Sultan of Oman
- Reign: 1786–1792
- Predecessor: Said bin Ahmad
- Successor: Sultan bin Ahmad
- Died: 13 March 1792
- Dynasty: Al Bu Said

= Hamad bin Said =

Sultan of Oman from 1786 to 1792

Hamad bin Said (died 13 March 1792) was ruler of Oman, the third of the Al Bu Said dynasty, ruling the country between 1786 and 1792.

==Rule==

Hamad bin Said was the son of the Imam and Sultan Said bin Ahmad, who succeeded to those positions in 1783 on the death of his father, Ahmad bin Said al-Busaidi.
Said bin Ahmad was increasingly unpopular.
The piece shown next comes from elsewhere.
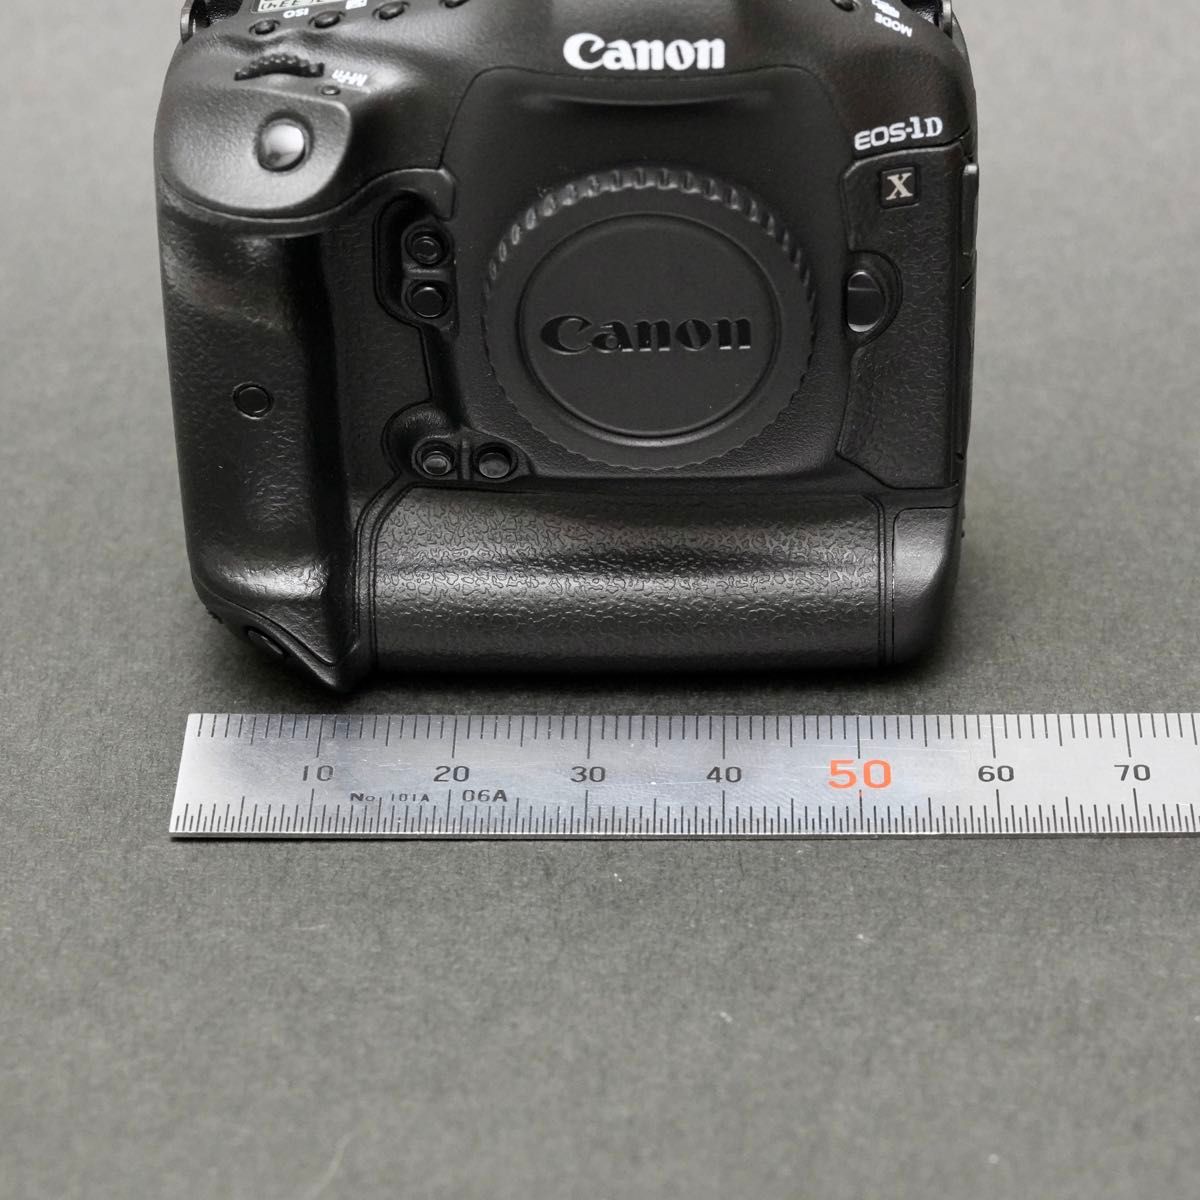 【激レア】Canon EOS-1DX ミニチュアカメラ USBメモリ キヤノン 新品未使用

Around the end of 1785 a group of notables elected his brother, Qais bin Ahmad, as Imam.
This revolt soon collapsed.

In 1786 Hamad bin Said managed to get control of Muscat, with its fortress.
One by one the other fortresses in Oman submitted to Hamad.
Said no longer had any temporal power.
Hamad took the title of Sheikh and established his court in Muscat. His father, Said bin Ahmad, remained in Rustaq and retained the title of Imam, but this was purely a symbolic religious title that carried no power. Hamad died of smallpox in 1792. He was succeeded by his uncle, Sultan bin Ahmad.